# Auto-hop



## misterp (May 28, 2012)

I would guess that maybe 25% of the time when I come home, auto-hop is not available on my PTAT shows. I don't see the kangaroo icon on any shows whatsoever, even shows that I had watched the night before. 

My video signal looks good, the internet connection looks good, I just can't hop. Then I'll try again the next day and things are working normal again. Any ideas?


----------



## Stewart Vernon (Jan 7, 2005)

What shows and what channel/networks?

Some shows apparently are not processed by PTAT, like local ones I think.


----------



## P Smith (Jul 25, 2002)

Try make cold reboot every day - disconnect power cord of h2k for 15 sec.


----------



## [email protected] Network (Jul 21, 2011)

misterp said:


> I would guess that maybe 25% of the time when I come home, auto-hop is not available on my PTAT shows. I don't see the kangaroo icon on any shows whatsoever, even shows that I had watched the night before.
> 
> My video signal looks good, the internet connection looks good, I just can't hop. Then I'll try again the next day and things are working normal again. Any ideas?

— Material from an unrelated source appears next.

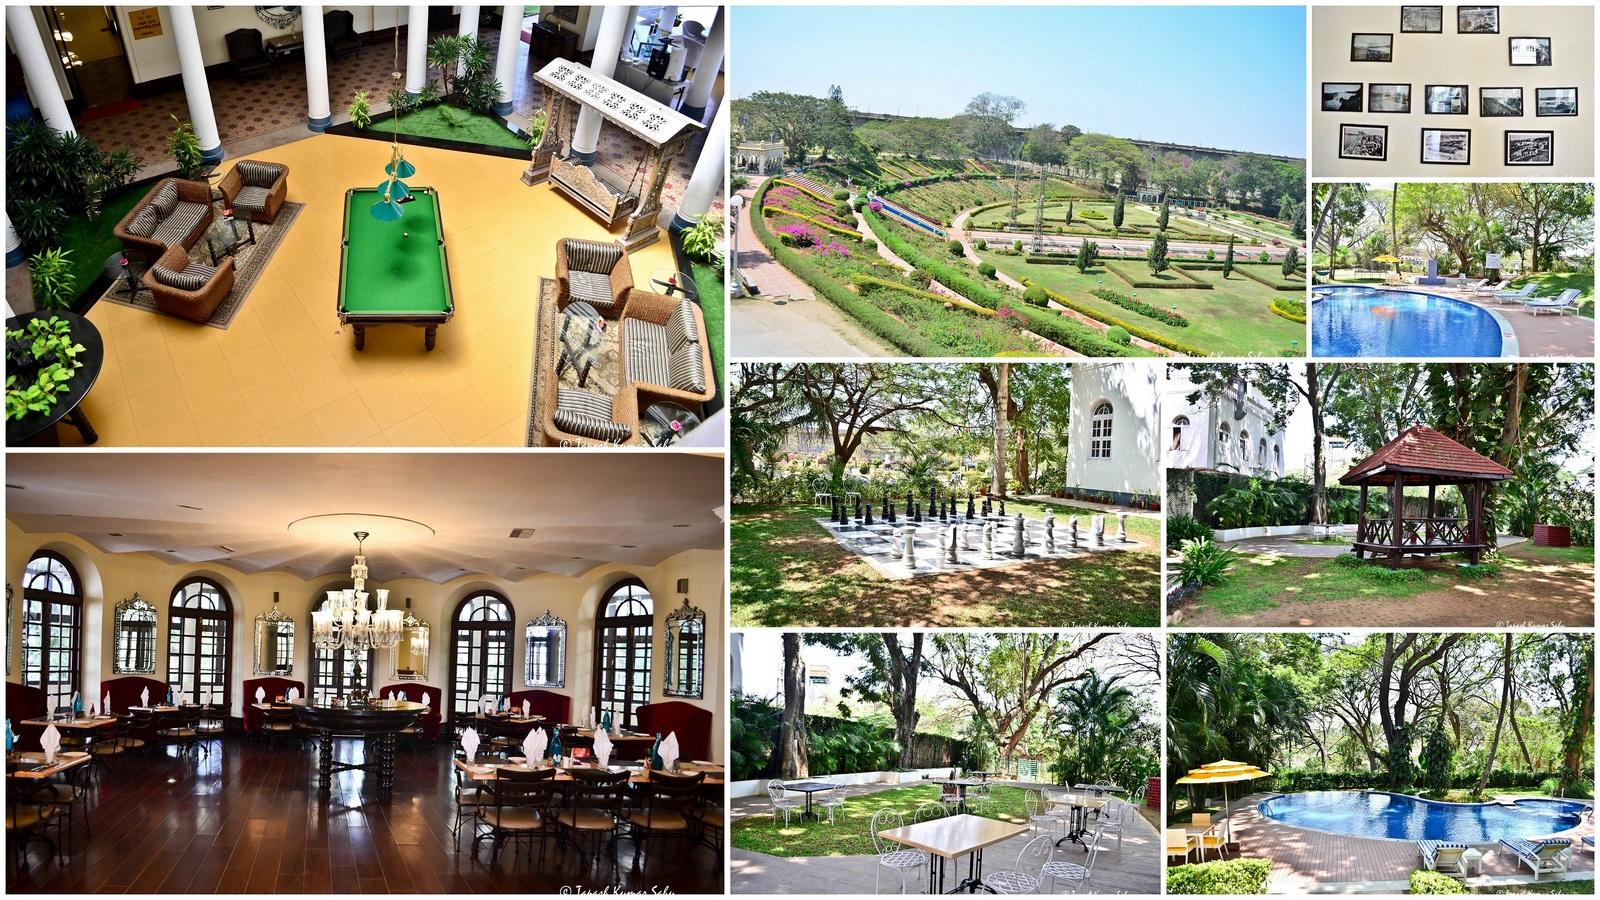 Royal Orchid Brindavan Garden

Please send me a PM with your phone or account number and I'll be happy to assist you with some troubleshooting. Thank you!


----------



## misterp (May 28, 2012)

Raymond - I will get in touch with you, I appreciate your quick responses on all of these issues. Since I'm still kind of new to hopper I'm going to try to collect all of my issues together first - some may be minor user-errors on my part that the forum can help with. 

Thanks.


----------



## misterp (May 28, 2012)

@Stewart: this affects ALL of PTAT. I can't skip any show, on any network. The kangaroo icon is completely gone, even from shows that were skipping perfectly fine the day before.


----------



## mocia (Jun 14, 2012)

I have been having the same issue. We got the Hopper on Friday the 22nd of June, had no problems with the auto hop feature until Wednesday the 27th (everything recorded that evening we are able to auto hop) but on Thursday the 28th from then until current unable to auto hop any of the shows recently recorded using PTAT.

I noticed that there was a software update on Wednesday, but like the thread starter we are new to the hopper and may have done something wrong. Any help would be great.

Thanks,
Ron


----------



## bigdog9586 (Jan 17, 2008)

I went to my PRIMETIME folder and all the shows before July 1 have the red kangaroo icon in the top right corner. Everything recorded July 1 don't have it. Looks like the suit by the networks scared them.


----------



## James Long (Apr 17, 2003)

Sorry ... but all my kangaroos are still there, including on last night's shows. The theory that DISH had quietly ended Autohop is false.


----------



## oldengineer (May 25, 2008)

Last nights PTAT shows were OK on both Hoppers except for Fox News, which was disabled. However both Hoppers had about 25-50% of shows disabled from 6/29-7/1. This seems to be an S213 problem.


----------